**Given material**:
***
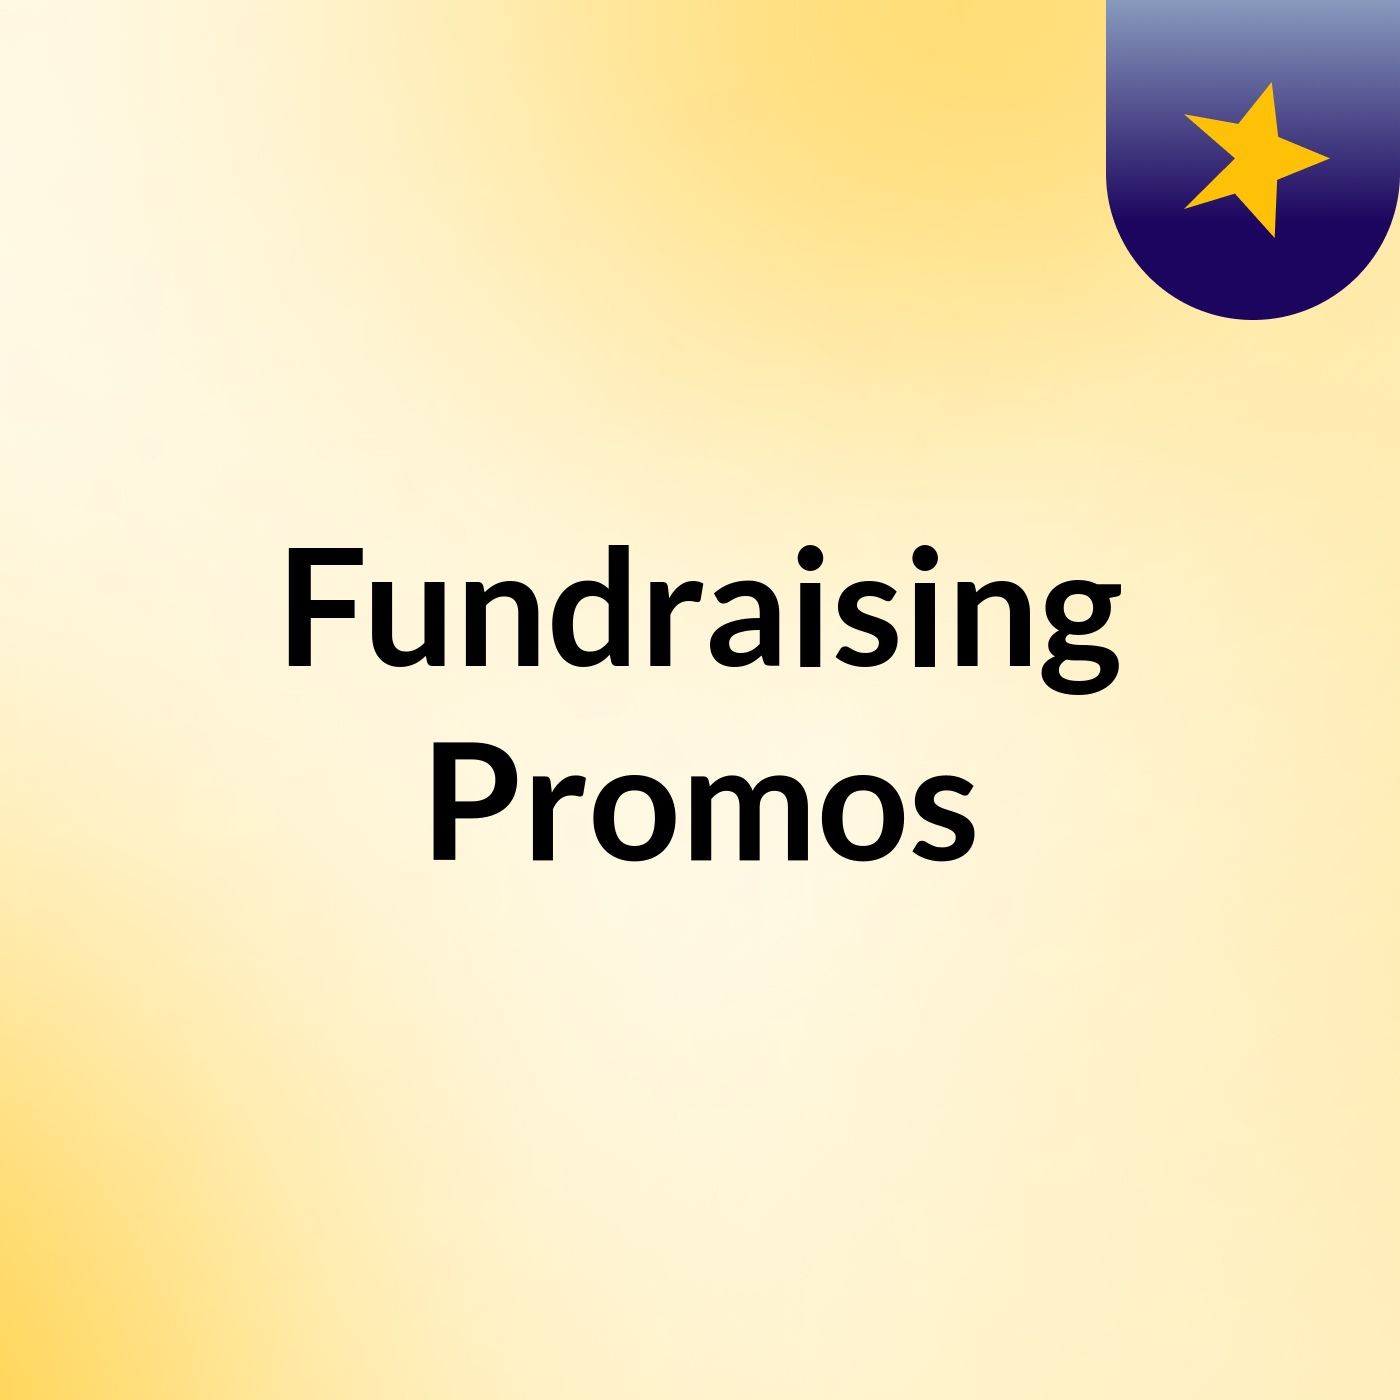 Fundraising Promos
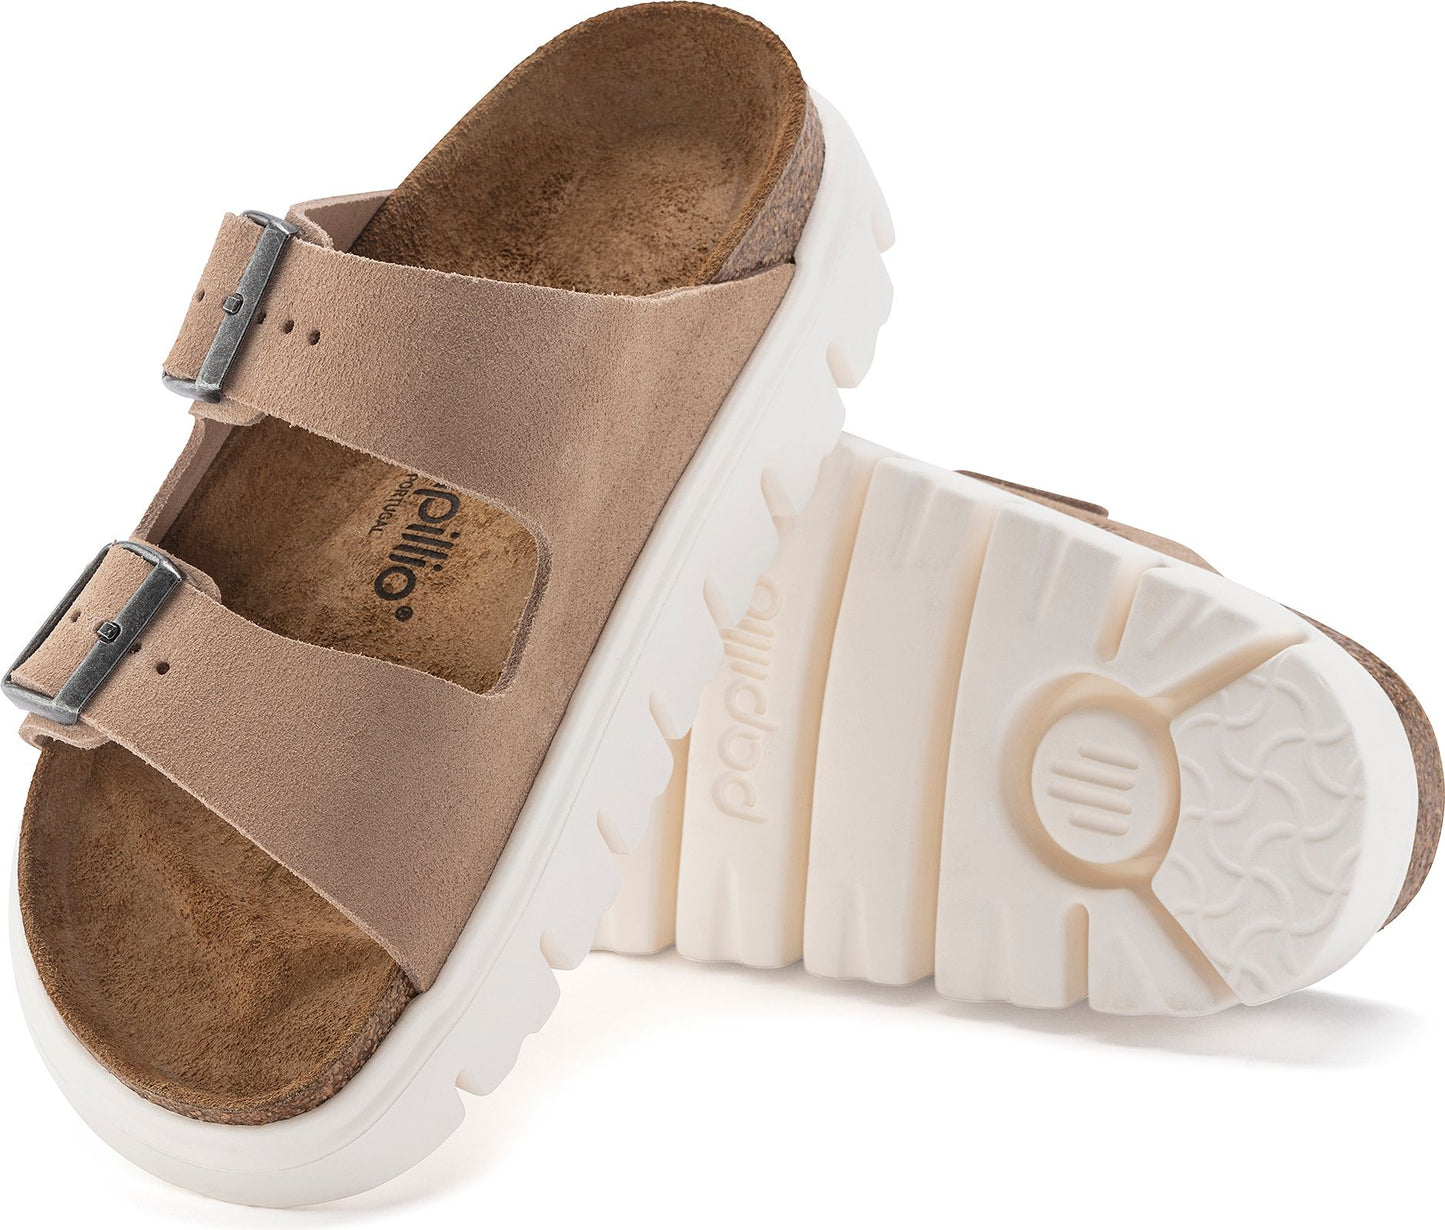 Birkenstock Sandals Arizona Chunky Beige Suede - Narrow
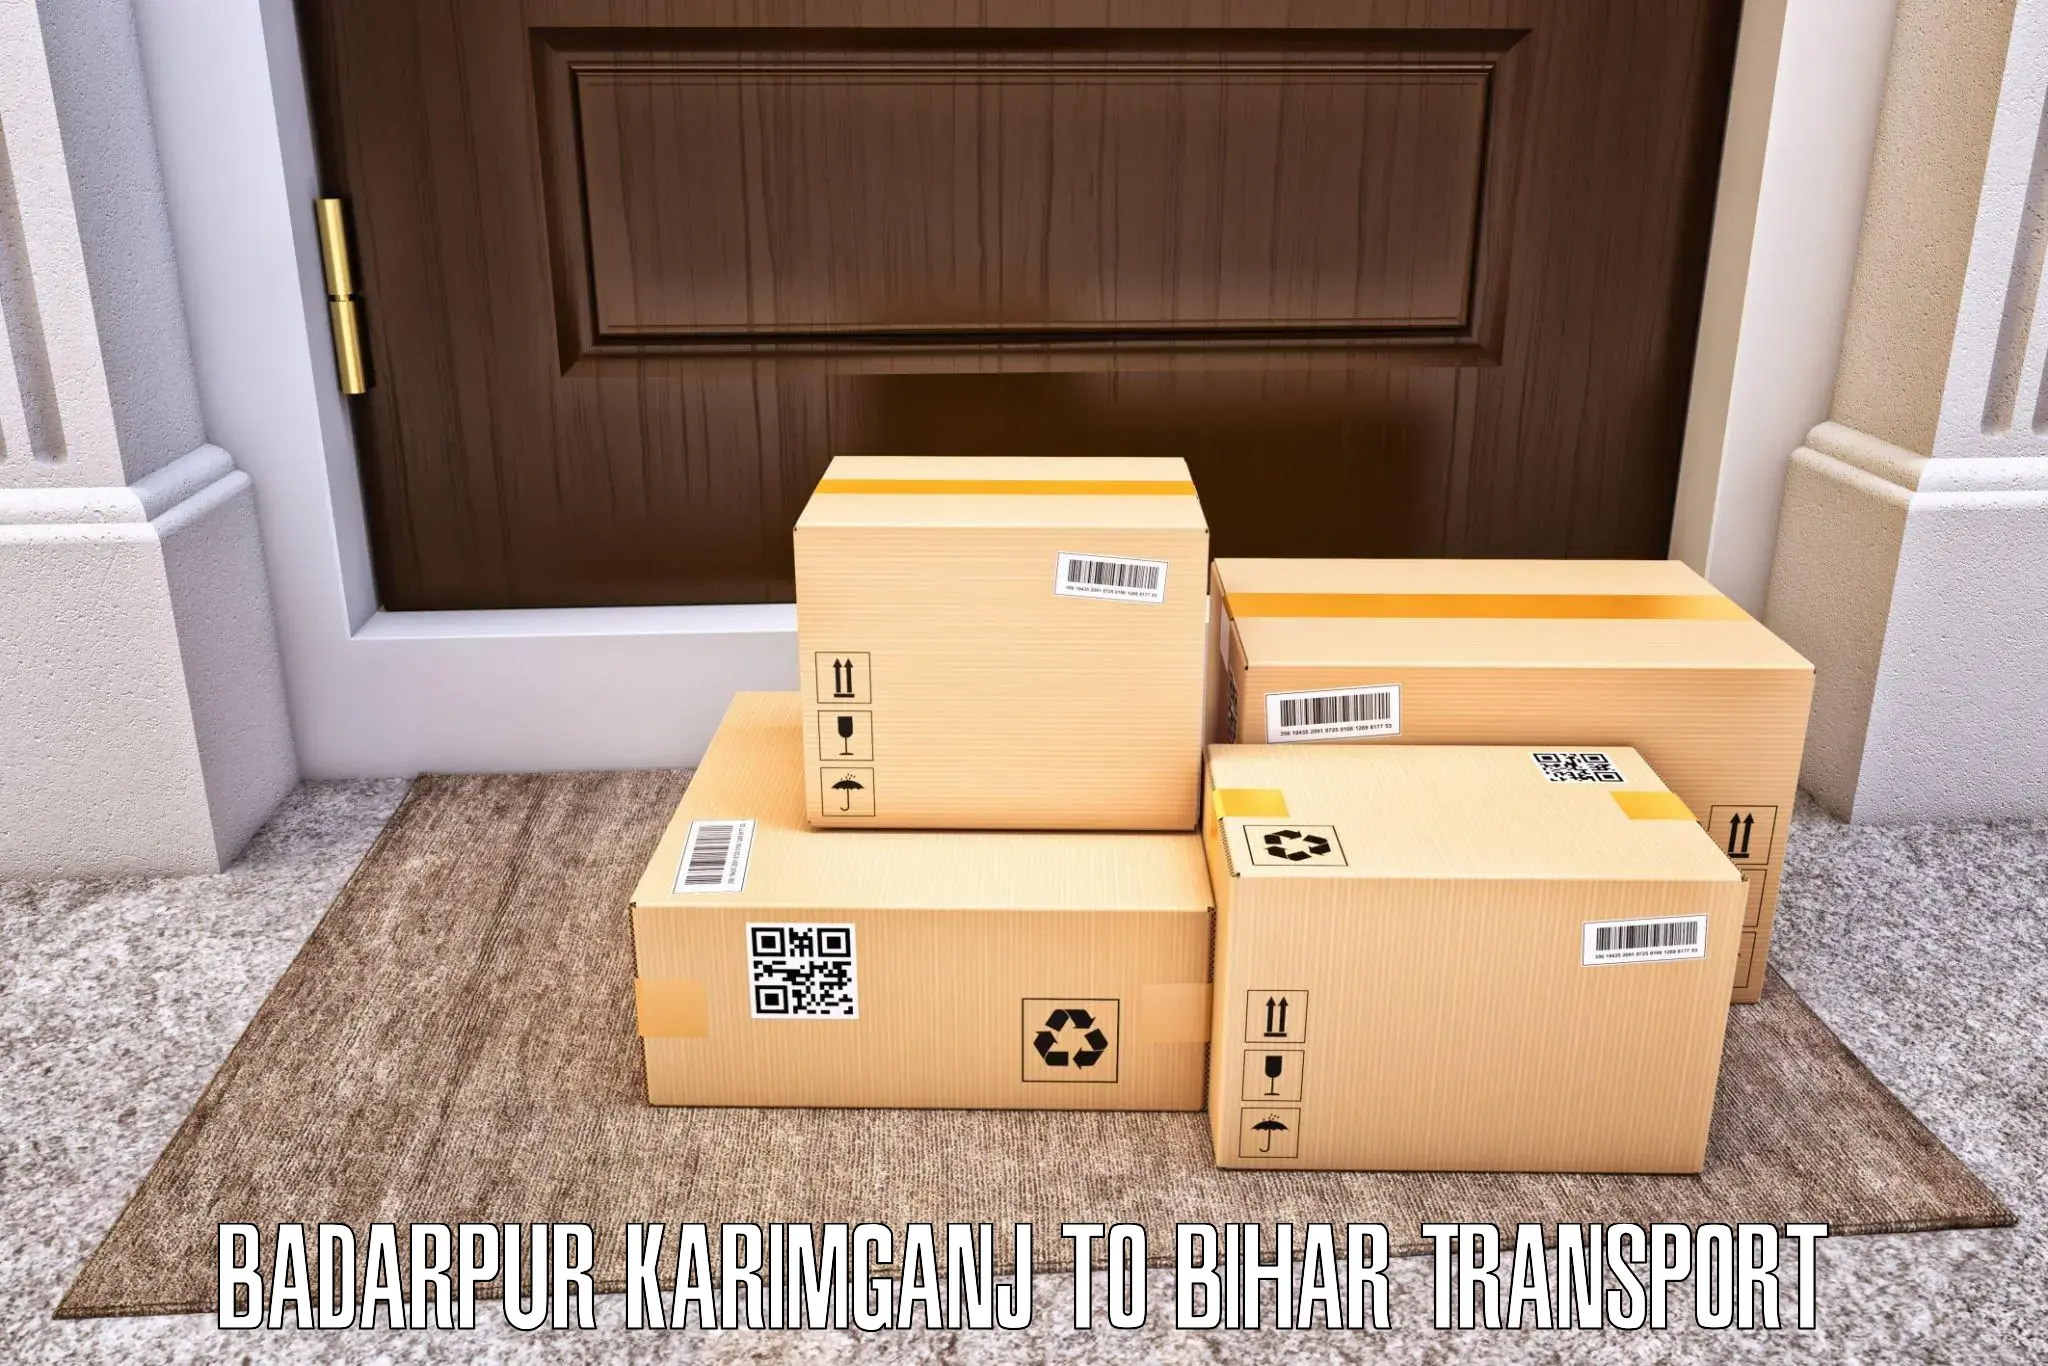 Online transport booking Badarpur Karimganj to Hasanpura
***
**Your assignment**:
Restate exactly the lines that start at the "Birkenstock Sandals Arizona" line and end with the last line of the material above, leaving out the pictures.

**Answer section**:
 Birkenstock Sandals Arizona Chunky Beige Suede - Narrow
 Online transport booking Badarpur Karimganj to Hasanpura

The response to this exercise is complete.